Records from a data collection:
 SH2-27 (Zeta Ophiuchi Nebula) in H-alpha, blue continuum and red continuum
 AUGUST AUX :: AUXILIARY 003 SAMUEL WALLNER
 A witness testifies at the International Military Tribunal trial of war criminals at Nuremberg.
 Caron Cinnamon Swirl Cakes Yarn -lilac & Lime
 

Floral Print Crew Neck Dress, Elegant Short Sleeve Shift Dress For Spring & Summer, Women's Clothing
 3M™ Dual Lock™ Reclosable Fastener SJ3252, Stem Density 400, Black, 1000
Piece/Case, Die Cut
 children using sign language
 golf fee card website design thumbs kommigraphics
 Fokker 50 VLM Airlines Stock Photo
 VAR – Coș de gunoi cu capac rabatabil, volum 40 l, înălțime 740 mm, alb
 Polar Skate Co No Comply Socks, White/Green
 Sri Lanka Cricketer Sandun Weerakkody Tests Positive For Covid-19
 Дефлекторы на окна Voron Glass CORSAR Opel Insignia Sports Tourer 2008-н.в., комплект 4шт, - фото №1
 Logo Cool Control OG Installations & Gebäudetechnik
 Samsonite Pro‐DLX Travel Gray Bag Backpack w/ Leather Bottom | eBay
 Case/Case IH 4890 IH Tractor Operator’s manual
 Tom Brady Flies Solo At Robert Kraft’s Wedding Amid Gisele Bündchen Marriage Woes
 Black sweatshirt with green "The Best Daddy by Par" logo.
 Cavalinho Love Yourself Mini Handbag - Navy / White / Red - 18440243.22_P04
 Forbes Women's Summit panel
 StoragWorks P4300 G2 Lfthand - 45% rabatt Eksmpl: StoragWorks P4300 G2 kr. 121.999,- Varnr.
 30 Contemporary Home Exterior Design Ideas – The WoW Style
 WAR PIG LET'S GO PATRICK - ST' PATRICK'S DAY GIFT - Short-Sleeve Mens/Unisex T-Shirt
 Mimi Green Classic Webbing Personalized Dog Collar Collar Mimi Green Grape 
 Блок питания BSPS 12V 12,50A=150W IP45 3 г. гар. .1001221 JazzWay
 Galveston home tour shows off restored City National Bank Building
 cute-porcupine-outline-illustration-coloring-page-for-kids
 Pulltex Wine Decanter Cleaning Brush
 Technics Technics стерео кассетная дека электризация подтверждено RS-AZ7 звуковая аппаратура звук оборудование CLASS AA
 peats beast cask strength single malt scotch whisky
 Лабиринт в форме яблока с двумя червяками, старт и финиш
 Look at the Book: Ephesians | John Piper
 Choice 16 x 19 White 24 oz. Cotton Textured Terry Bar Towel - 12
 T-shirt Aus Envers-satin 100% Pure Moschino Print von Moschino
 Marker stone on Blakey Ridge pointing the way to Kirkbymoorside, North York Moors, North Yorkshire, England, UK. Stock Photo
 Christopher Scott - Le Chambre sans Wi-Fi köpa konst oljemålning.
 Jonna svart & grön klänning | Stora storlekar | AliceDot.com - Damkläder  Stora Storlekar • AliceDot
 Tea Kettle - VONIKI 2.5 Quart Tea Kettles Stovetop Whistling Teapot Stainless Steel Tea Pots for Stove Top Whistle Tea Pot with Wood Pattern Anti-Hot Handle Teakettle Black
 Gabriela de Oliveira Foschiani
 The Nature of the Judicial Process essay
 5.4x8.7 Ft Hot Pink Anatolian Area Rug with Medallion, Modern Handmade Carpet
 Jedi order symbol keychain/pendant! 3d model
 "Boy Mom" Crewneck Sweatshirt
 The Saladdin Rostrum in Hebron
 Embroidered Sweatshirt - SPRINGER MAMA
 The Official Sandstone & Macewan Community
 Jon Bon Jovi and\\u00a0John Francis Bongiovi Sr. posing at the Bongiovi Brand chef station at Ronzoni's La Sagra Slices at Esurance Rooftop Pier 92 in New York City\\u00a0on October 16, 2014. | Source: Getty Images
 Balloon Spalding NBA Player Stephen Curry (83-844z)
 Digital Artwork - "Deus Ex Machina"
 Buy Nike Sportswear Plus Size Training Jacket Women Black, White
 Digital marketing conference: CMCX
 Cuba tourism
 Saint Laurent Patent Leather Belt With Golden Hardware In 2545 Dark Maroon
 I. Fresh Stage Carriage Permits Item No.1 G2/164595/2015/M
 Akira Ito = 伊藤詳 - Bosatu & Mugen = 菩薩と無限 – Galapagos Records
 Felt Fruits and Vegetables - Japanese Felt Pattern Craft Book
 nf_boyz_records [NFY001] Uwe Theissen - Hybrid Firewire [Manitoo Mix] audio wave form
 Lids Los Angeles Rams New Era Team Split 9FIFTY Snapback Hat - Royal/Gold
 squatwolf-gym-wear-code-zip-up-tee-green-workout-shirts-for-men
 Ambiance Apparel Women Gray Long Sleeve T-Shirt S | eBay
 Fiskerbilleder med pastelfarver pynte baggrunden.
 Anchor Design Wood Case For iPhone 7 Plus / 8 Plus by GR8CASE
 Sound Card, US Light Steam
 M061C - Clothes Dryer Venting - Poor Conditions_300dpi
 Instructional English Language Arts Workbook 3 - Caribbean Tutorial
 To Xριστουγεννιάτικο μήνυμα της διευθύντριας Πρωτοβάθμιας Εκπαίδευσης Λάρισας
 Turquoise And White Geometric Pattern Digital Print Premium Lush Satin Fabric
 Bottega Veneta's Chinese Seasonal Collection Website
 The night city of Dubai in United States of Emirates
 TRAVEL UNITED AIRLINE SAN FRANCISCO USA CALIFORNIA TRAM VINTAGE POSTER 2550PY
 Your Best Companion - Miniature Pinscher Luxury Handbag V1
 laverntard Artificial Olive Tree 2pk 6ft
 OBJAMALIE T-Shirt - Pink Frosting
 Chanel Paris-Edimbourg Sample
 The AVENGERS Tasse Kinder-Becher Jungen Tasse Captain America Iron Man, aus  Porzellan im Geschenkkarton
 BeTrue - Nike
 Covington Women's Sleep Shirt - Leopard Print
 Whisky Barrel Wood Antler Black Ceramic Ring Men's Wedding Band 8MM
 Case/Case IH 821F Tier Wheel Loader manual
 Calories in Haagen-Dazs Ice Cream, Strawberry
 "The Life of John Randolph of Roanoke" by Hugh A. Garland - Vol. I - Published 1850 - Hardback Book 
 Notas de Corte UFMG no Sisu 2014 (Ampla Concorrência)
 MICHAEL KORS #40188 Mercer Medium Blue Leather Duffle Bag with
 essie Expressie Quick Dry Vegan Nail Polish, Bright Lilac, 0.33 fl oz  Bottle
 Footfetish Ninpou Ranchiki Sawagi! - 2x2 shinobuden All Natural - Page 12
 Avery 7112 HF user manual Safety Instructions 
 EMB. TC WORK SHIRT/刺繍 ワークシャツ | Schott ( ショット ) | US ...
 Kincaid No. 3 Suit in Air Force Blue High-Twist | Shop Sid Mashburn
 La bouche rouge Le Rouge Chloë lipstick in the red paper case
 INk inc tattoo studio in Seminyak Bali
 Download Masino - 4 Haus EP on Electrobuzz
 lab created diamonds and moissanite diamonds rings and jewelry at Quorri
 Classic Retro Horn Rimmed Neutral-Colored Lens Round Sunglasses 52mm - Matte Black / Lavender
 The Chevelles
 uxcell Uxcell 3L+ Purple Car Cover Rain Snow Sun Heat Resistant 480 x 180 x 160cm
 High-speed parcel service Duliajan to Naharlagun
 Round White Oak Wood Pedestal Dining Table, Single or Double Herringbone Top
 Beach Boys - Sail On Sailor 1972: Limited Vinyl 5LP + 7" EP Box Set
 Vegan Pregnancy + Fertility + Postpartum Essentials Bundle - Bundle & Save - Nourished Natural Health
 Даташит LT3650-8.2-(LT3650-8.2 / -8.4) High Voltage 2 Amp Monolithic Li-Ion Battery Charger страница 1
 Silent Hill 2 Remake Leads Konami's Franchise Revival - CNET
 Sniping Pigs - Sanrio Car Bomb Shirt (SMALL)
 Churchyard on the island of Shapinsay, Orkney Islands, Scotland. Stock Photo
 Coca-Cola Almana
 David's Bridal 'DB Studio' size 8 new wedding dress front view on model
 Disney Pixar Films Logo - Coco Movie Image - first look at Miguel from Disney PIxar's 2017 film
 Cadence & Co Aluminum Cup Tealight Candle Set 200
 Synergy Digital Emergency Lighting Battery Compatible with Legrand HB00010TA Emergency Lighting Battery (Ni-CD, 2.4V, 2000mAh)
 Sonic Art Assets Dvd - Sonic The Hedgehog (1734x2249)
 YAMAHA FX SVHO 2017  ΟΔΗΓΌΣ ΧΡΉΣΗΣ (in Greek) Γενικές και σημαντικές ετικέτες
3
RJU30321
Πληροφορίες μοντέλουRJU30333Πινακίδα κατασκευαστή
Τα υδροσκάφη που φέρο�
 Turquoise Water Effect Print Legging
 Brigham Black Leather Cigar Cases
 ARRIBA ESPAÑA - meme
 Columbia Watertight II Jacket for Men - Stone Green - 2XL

WORK ORDER:
Copy out the range of lines above starting at the line with "Choice 16 x" and ending at the line with "The Official Sandstone & Macewan Community", exactly and including both.

ANSWER:
 Choice 16 x 19 White 24 oz. Cotton Textured Terry Bar Towel - 12
 T-shirt Aus Envers-satin 100% Pure Moschino Print von Moschino
 Marker stone on Blakey Ridge pointing the way to Kirkbymoorside, North York Moors, North Yorkshire, England, UK. Stock Photo
 Christopher Scott - Le Chambre sans Wi-Fi köpa konst oljemålning.
 Jonna svart & grön klänning | Stora storlekar | AliceDot.com - Damkläder  Stora Storlekar • AliceDot
 Tea Kettle - VONIKI 2.5 Quart Tea Kettles Stovetop Whistling Teapot Stainless Steel Tea Pots for Stove Top Whistle Tea Pot with Wood Pattern Anti-Hot Handle Teakettle Black
 Gabriela de Oliveira Foschiani
 The Nature of the Judicial Process essay
 5.4x8.7 Ft Hot Pink Anatolian Area Rug with Medallion, Modern Handmade Carpet
 Jedi order symbol keychain/pendant! 3d model
 "Boy Mom" Crewneck Sweatshirt
 The Saladdin Rostrum in Hebron
 Embroidered Sweatshirt - SPRINGER MAMA
 The Official Sandstone & Macewan Community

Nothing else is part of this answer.